8. Rate limit / quota is published, not a surprise 429
Advertise limits with RateLimit (remaining + reset) and RateLimit-Policy (quota + window) headers
so well-behaved clients self-throttle. On a 429 (and a 503) always send Retry-After; when both
are present, prefer Retry-After for the concrete retry delay (RateLimit still advertises the quota/window). Document the limits in the OpenAPI
spec, not just prose.

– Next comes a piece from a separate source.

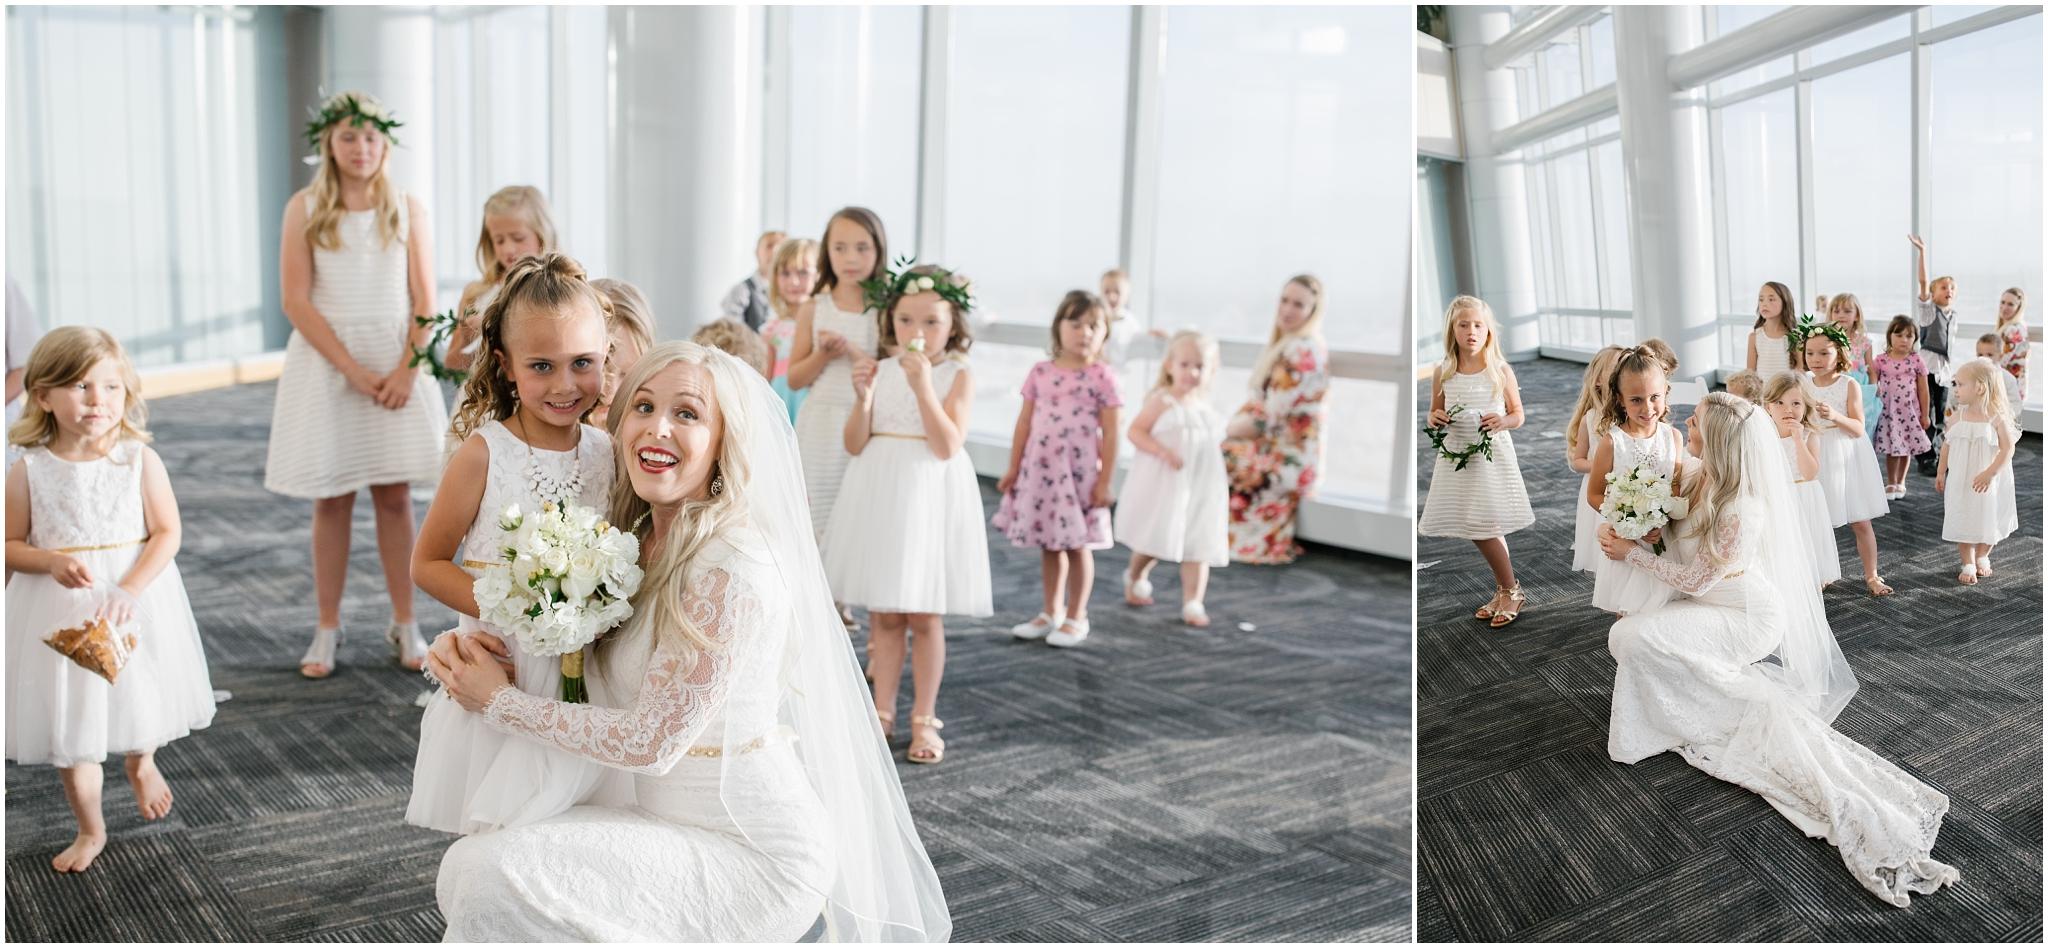 CherylandTyler-549_Lizzie-B-Imagery-Utah-Wedding-Photographer-Salt-Lake-City-Temple-Wells-Fargo-Building-Reception.jpg
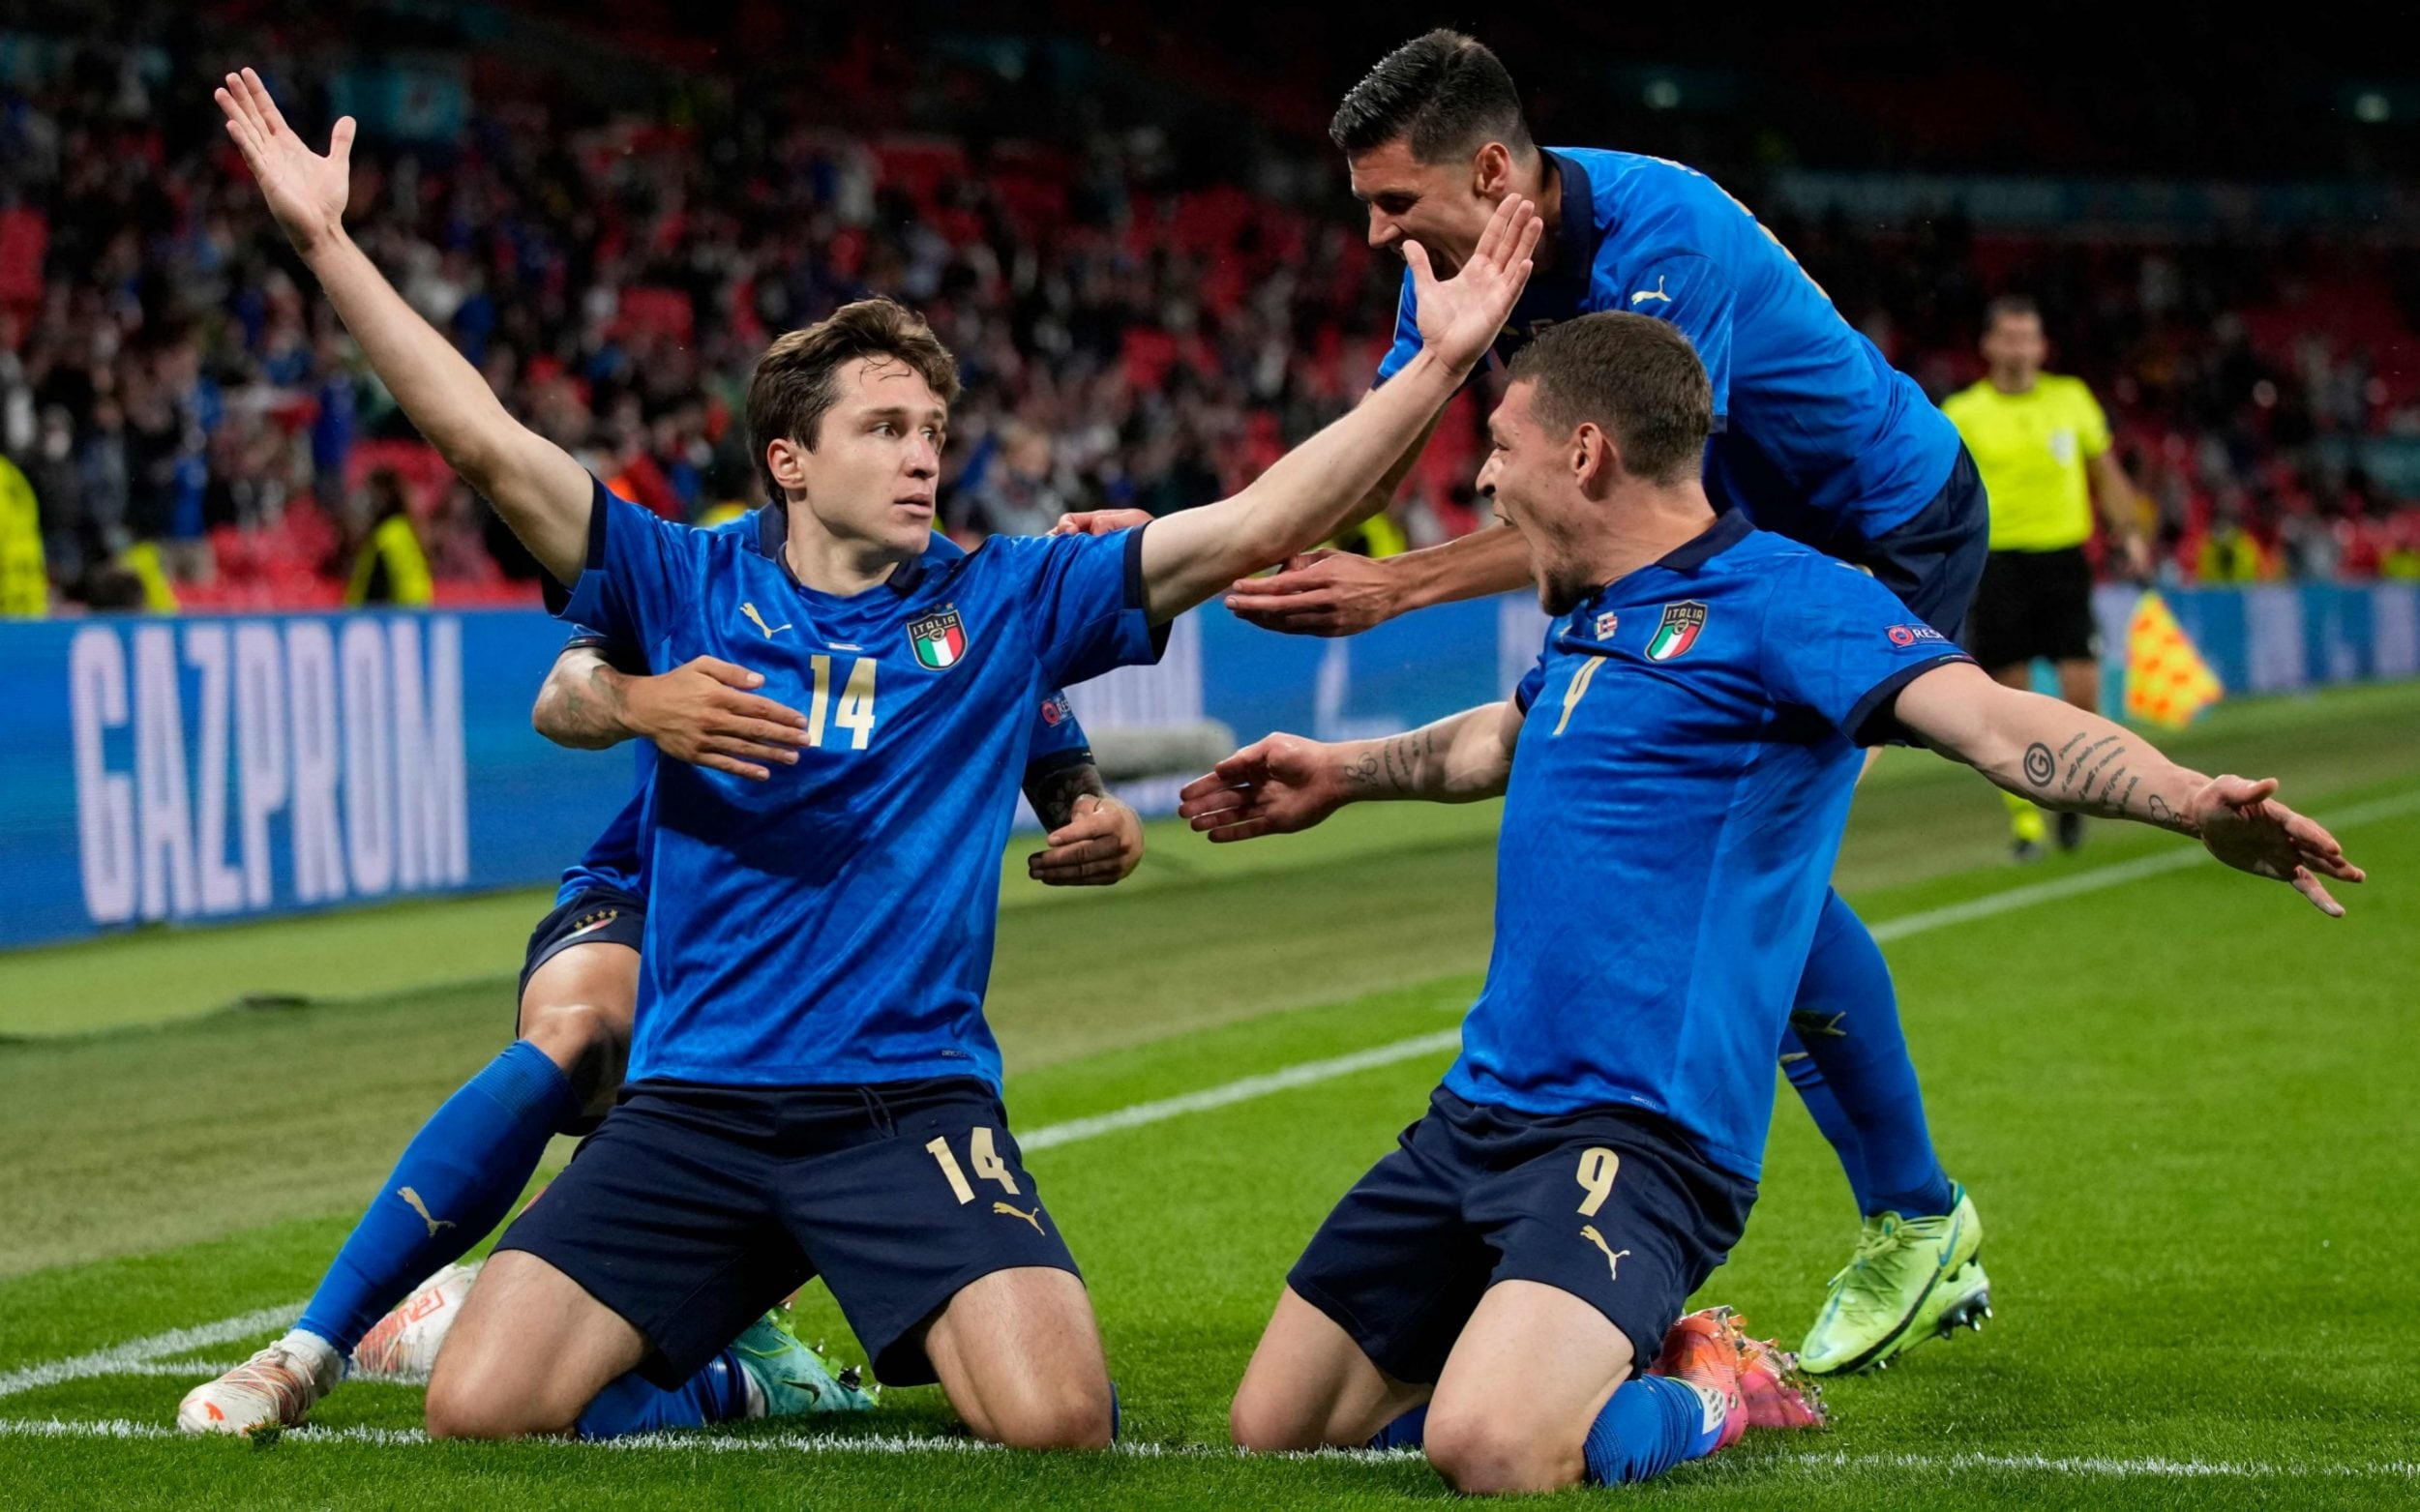 Euro 2020: Italy Defeat Austria to Qualify for Quarter-Finals

This matters more on a single box: there's no elastic autoscaling, so the rate
limiter is your primary overload-protection and fairness mechanism — size it to what the one box can
actually sustain.
9. Resource & convention discipline — decided once, up front
- Nouns, plural collections (
/orders, /orders/{id}/items); HTTP verbs for actions — no
/getOrder, /createOrder in the path. 201 + Location for creates, 204 for empty success.
- Lock conventions before the first endpoint: one JSON casing (snake_case or camelCase, never
both), timestamps as RFC 3339 UTC strings, money as minor-units integers or decimal strings
(never floats), explicit nullability.
- Filtering/sorting in query params with a documented allow-list of filterable/sortable fields —
an open-ended filter language is an injection and performance footgun on one shared DB.
The hidden cost: inconsistency is itself a breaking-change generator — every later "fix" to a naming or
format inconsistency breaks a client. Get it right once.
Honest exit
Claim only what the contract actually specifies and you've verified — a status code, a header name, a
standard's current status — against the source, not memory. If a decision turns on a fact you can't
ground (a draft's exact member names, whether the proxy passes HTTP/2), say so and abstain rather than
assert (honesty contract). When the contract changes a recorded convention or decision, update project
memory in the same change; then hand off to truestack-quality-control before "done".
Explain it simply
Say what each choice means in one plain line — "a cursor is a bookmark, not a page number, so it
doesn't skip rows when the list shifts under you". Show protocol and versioning tradeoffs as a short
list or table, not prose. After designing the contract, state in one line what a client can now rely on
that it couldn't before — and hand off to truestack-backend-development to implement it.